◆ **DATA**:

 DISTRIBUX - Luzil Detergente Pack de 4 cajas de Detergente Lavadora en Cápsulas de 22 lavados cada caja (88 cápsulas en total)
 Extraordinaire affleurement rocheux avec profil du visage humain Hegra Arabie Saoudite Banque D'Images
* * *
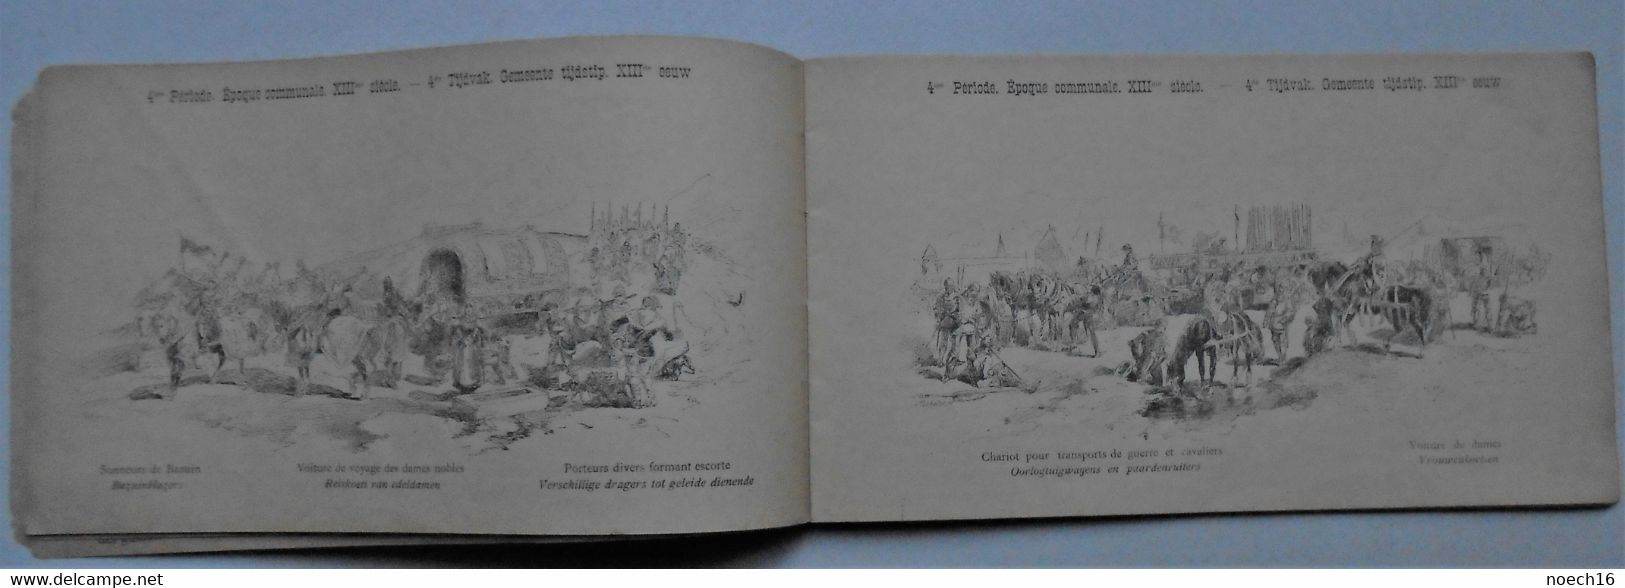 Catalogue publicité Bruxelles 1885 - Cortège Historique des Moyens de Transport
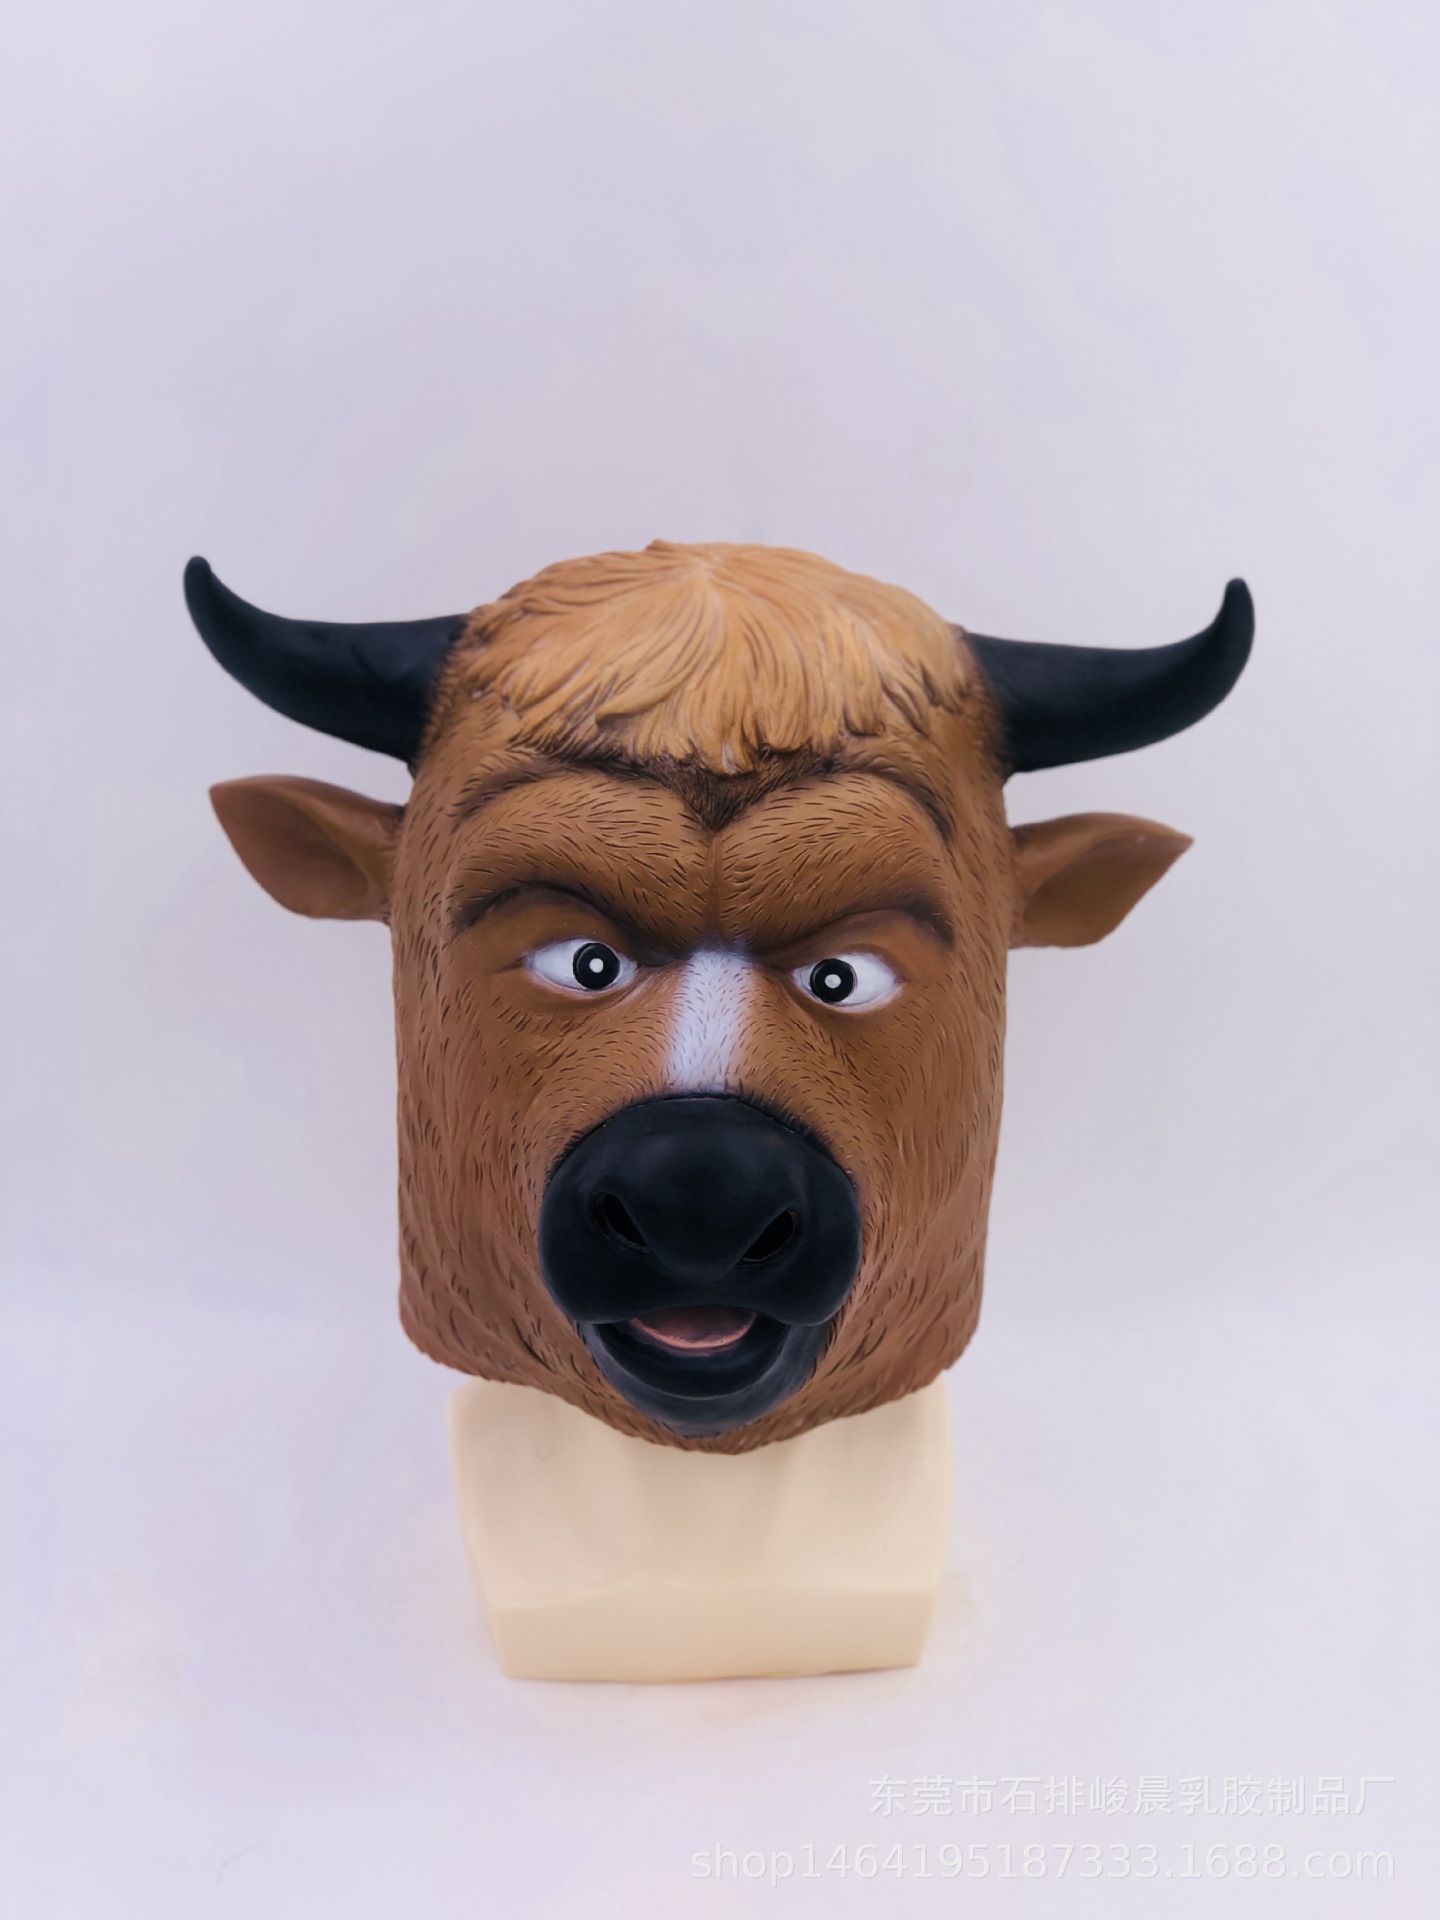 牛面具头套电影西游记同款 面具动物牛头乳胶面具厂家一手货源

◆ **PROBLEM**: What do the lines above say from the one containing "DISTRIBUX - Luzil" down to the one containing "Extraordinaire affleurement rocheux"? Return them exactly, both end lines included, and only them.

◆ **SOLUTION TO THIS TASK**:
 DISTRIBUX - Luzil Detergente Pack de 4 cajas de Detergente Lavadora en Cápsulas de 22 lavados cada caja (88 cápsulas en total)
 Extraordinaire affleurement rocheux avec profil du visage humain Hegra Arabie Saoudite Banque D'Images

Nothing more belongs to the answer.